── THE DATA
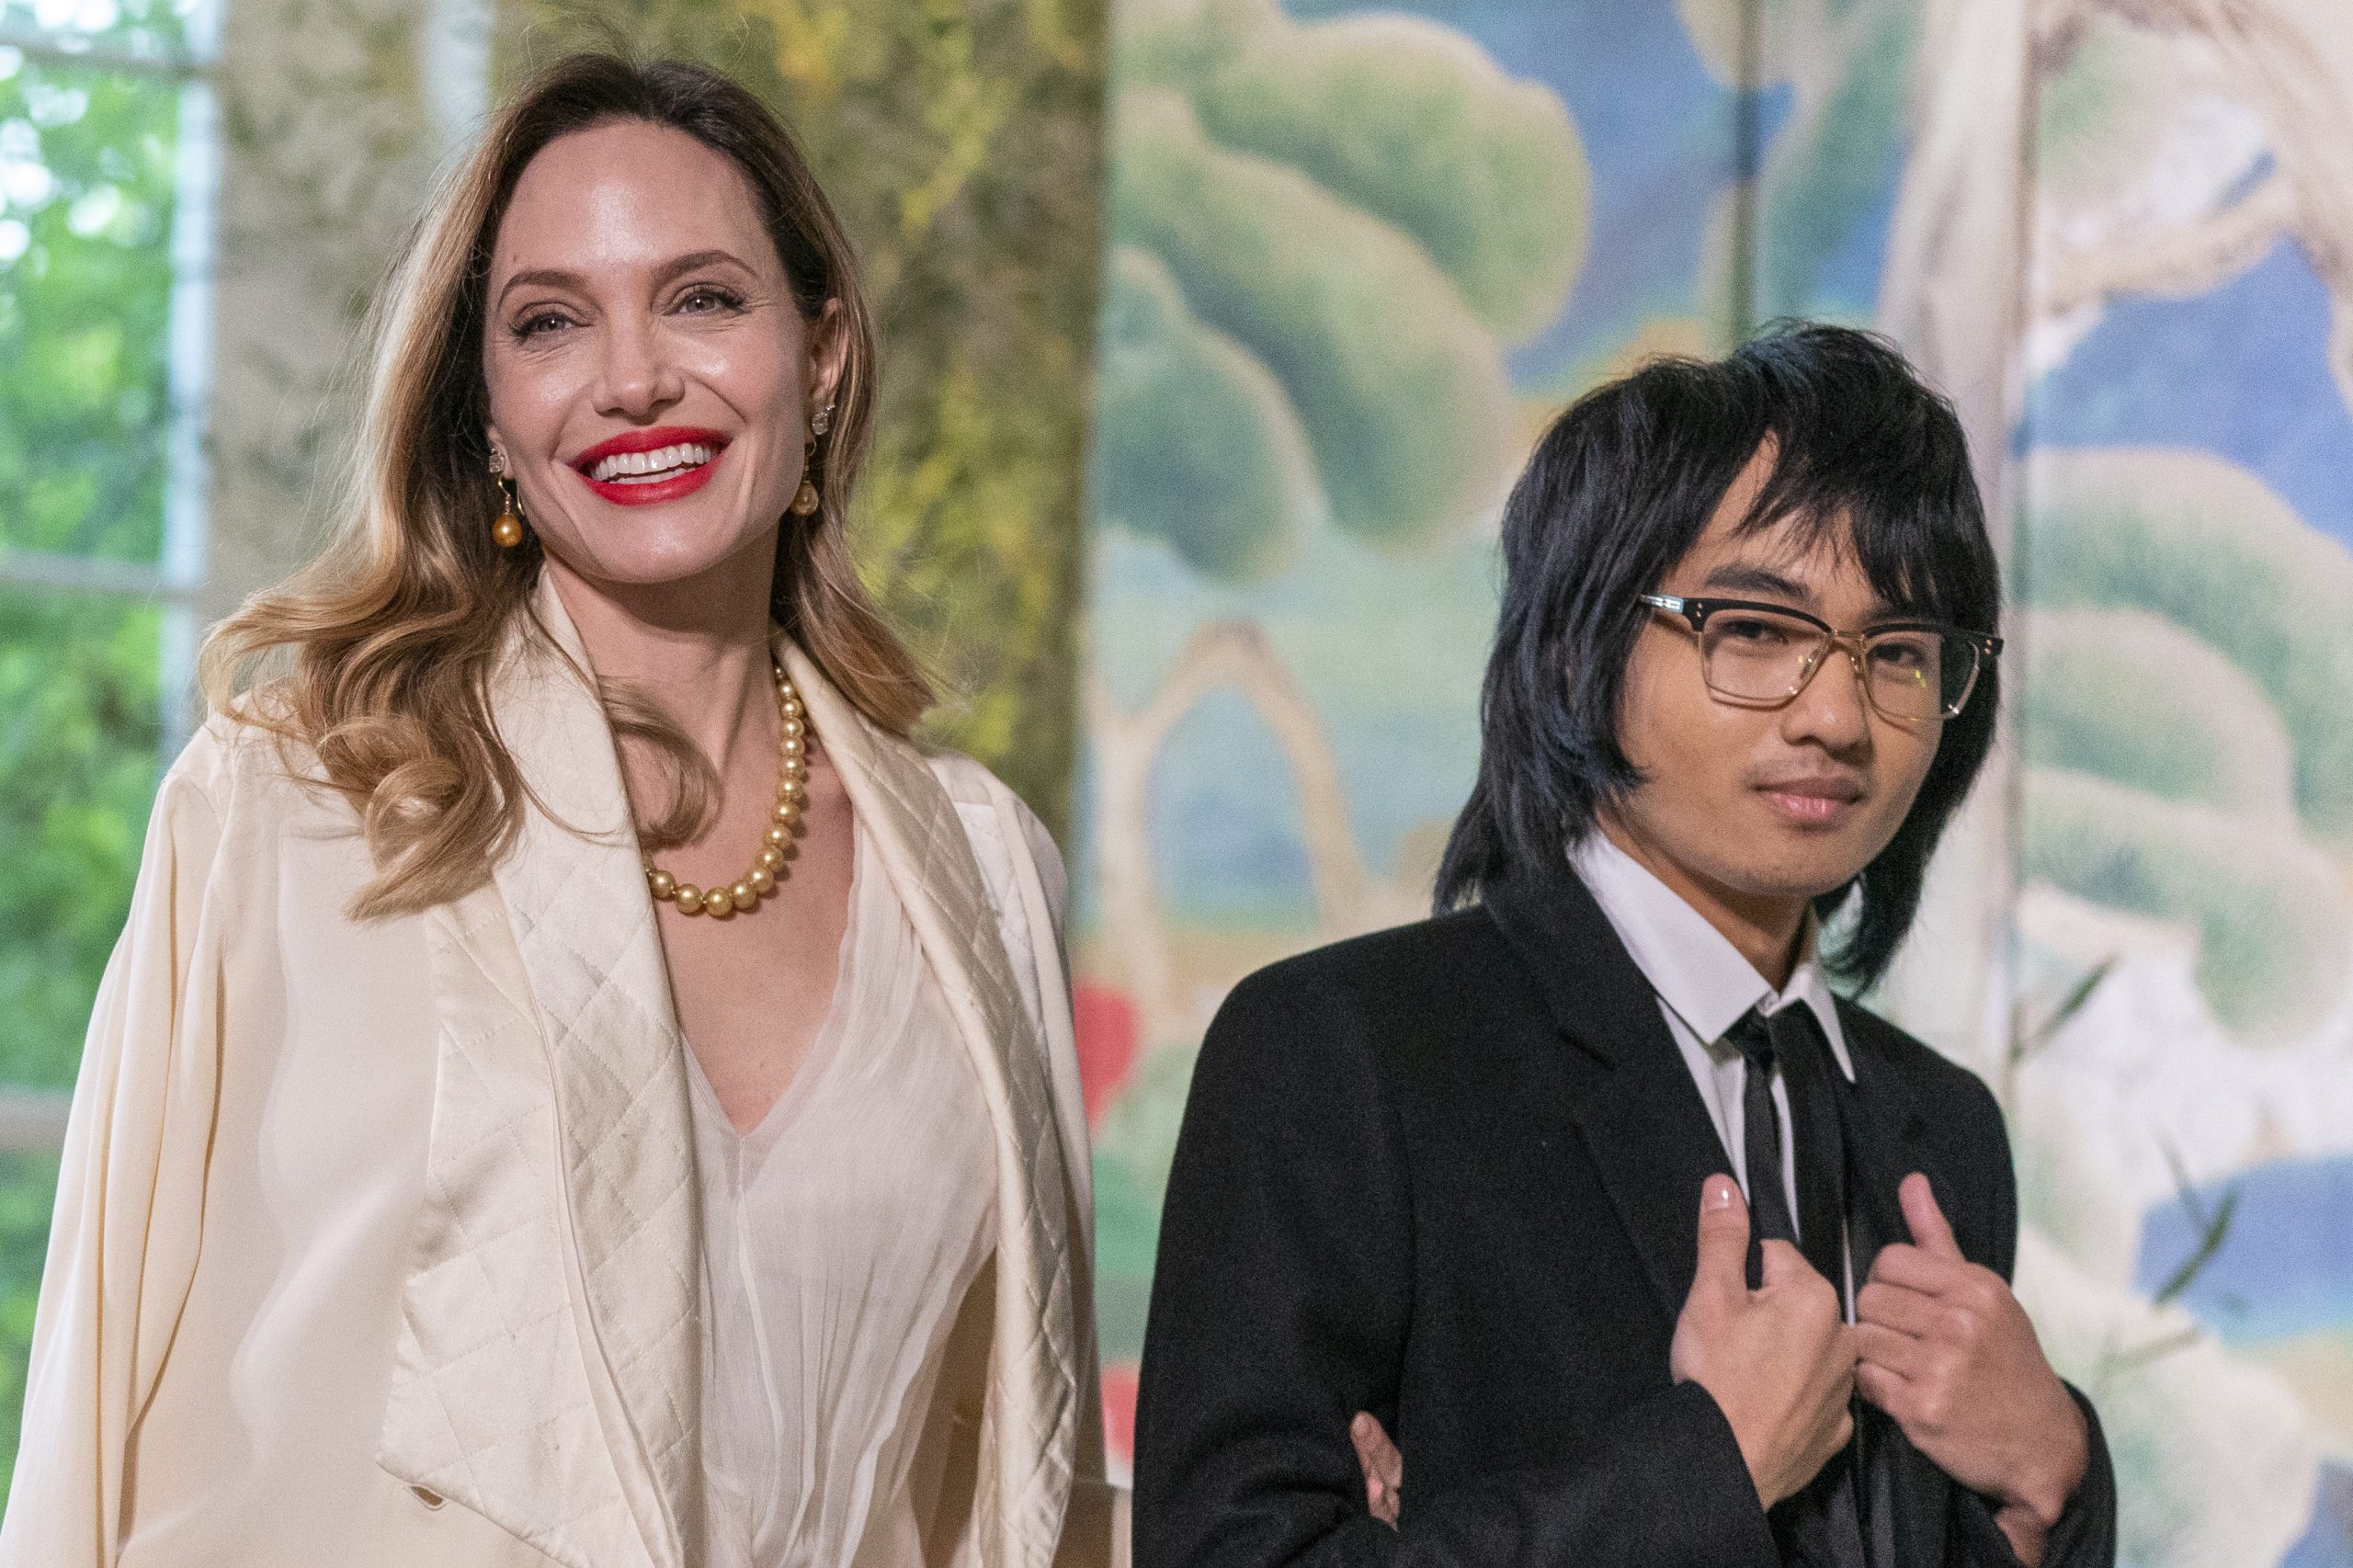 Angelina Jolie and Maddox Jolie-Pitt arrive for the State Dinner with President Joe Biden and the South Korea's President Yoon Suk Yeol at the White House, Wednesday, April 26, 2023, in Washington. (AP Photo/Alex Brandon)
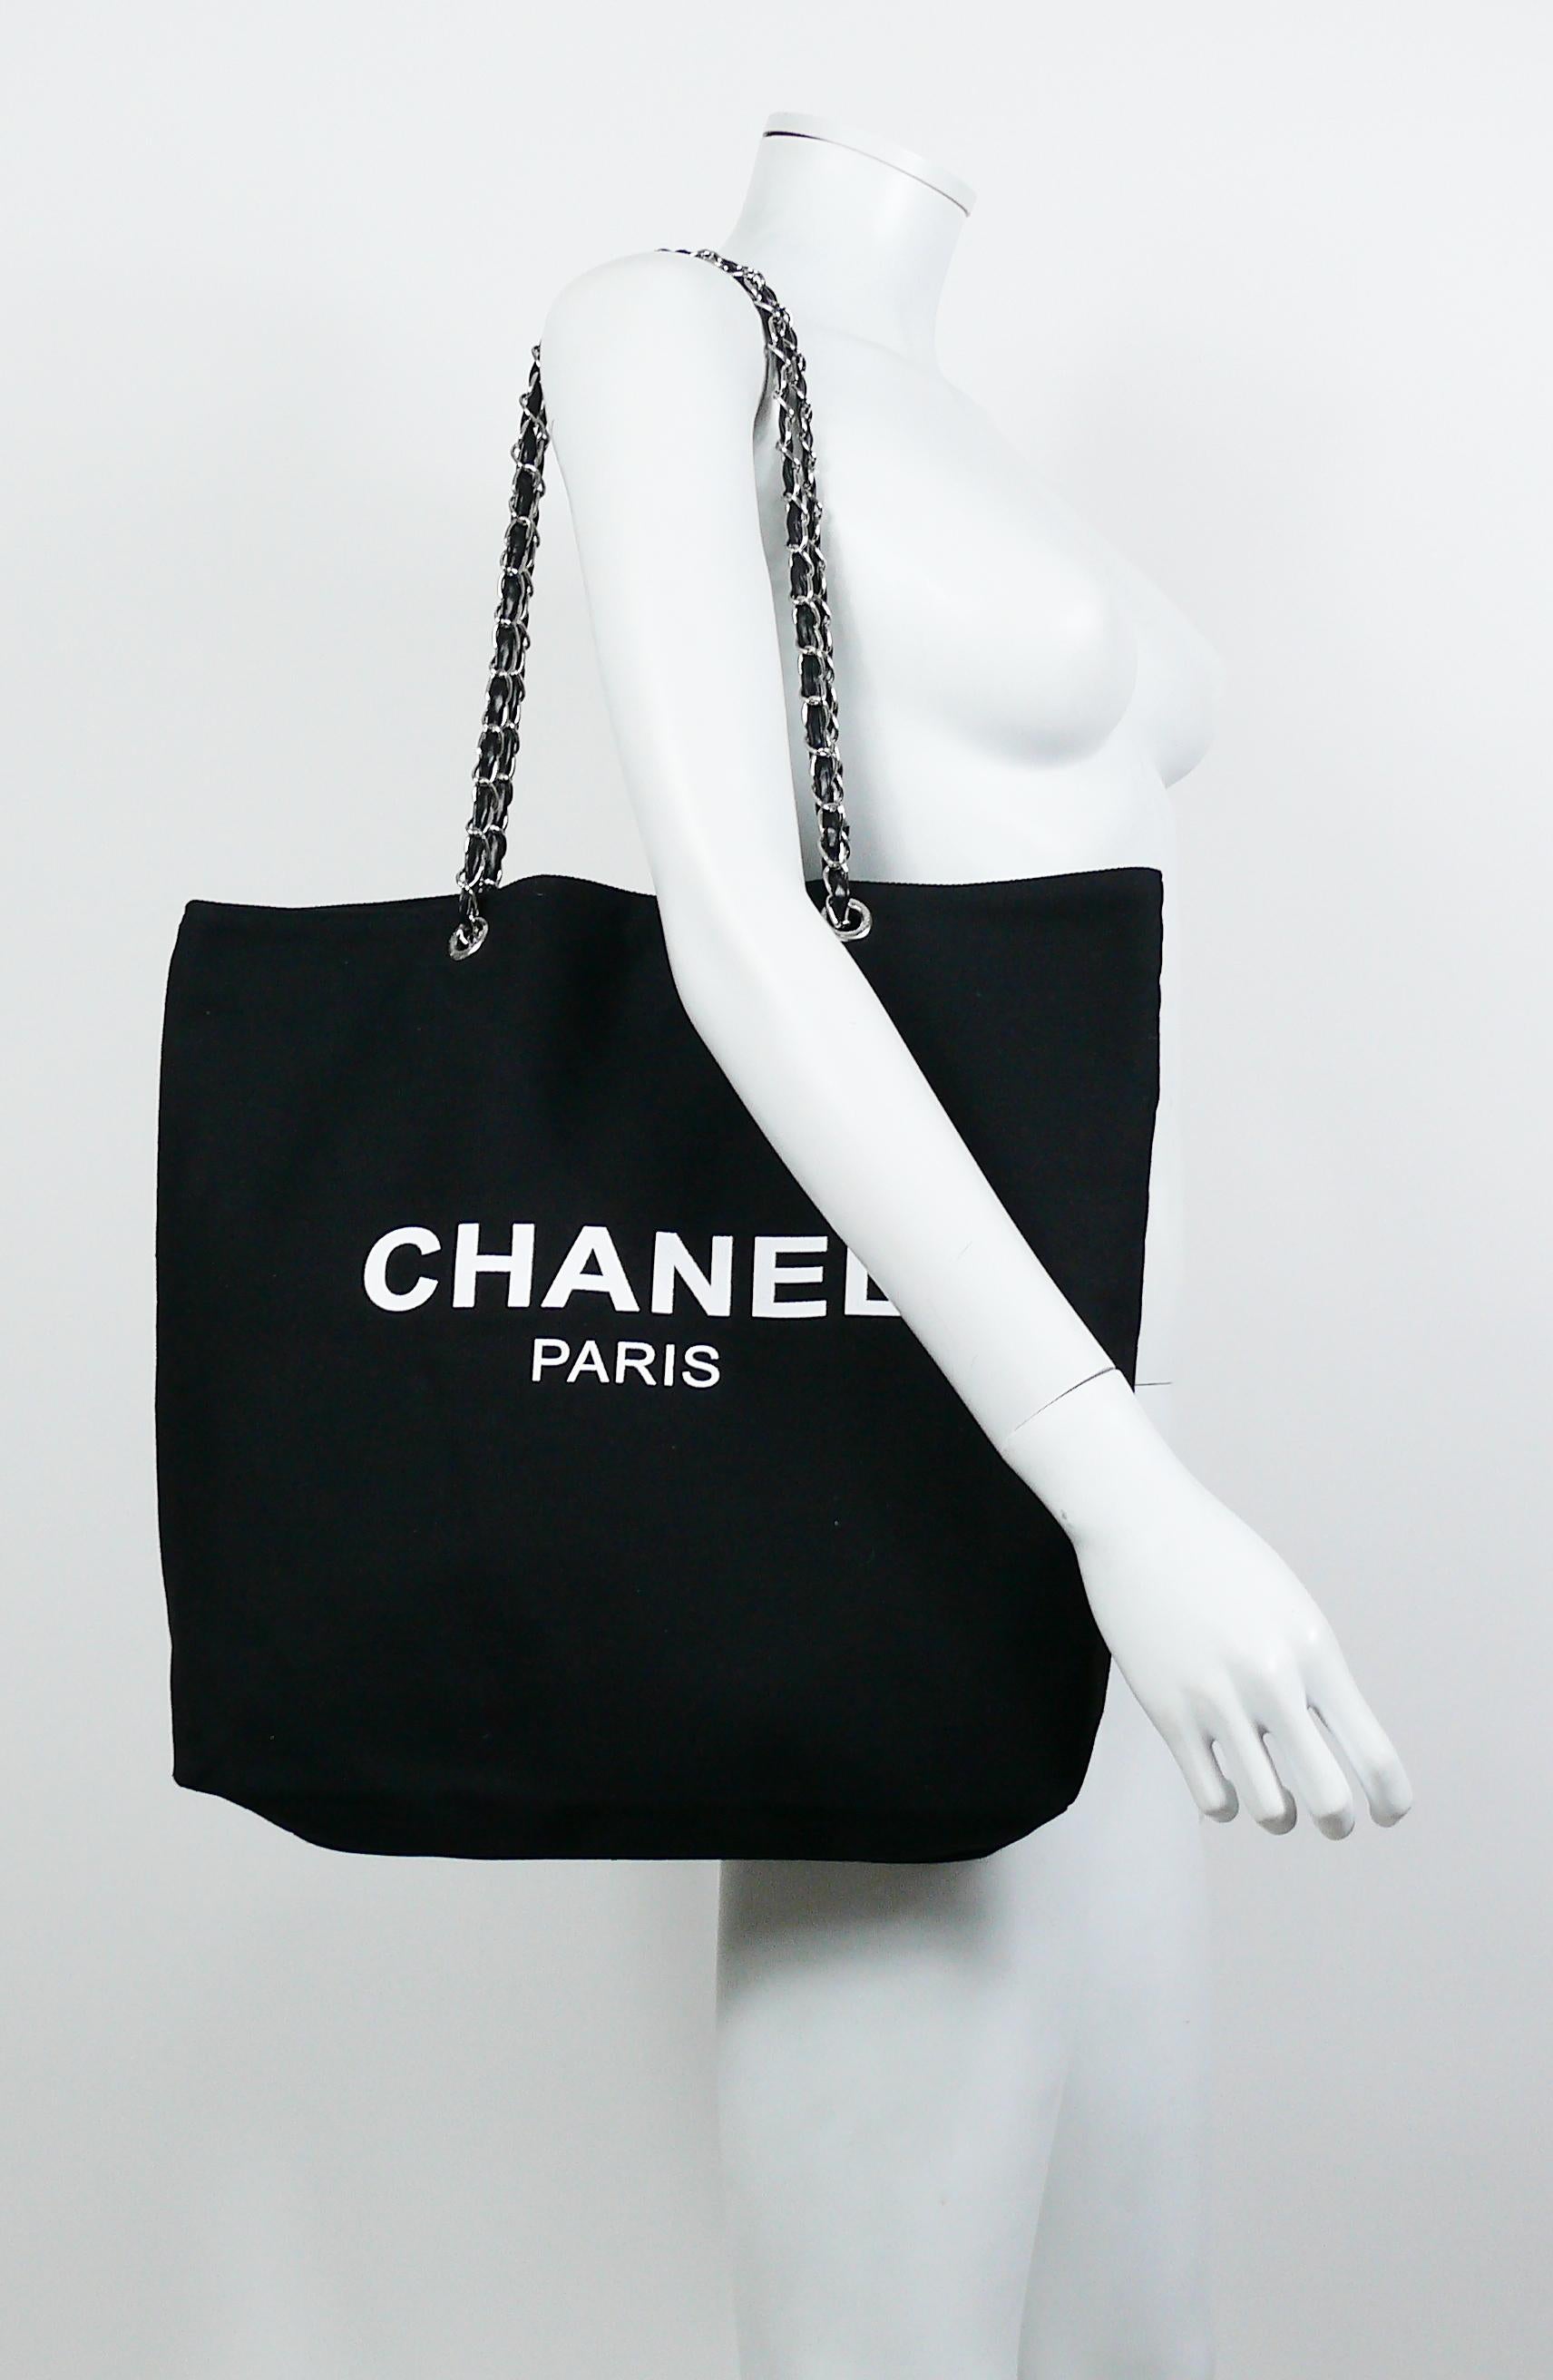 CHANEL black canvas tote shopping gift bag.

This bag features :
- Black canvas body.
- White flocked CHANEL PARIS on one both sides.
- Silver toned chains with intertwined black faux leather (PVC) straps.
- Magnetic closure.
- Silver toned
────
### ABOUT THIS EXERCISE:
The line containing "This bag features" marks the start. Reproduce it and all lines after it through the end of the listing, exactly and alone.

### RESPONSE FOR THIS EXERCISE:
This bag features :
- Black canvas body.
- White flocked CHANEL PARIS on one both sides.
- Silver toned chains with intertwined black faux leather (PVC) straps.
- Magnetic closure.
- Silver toned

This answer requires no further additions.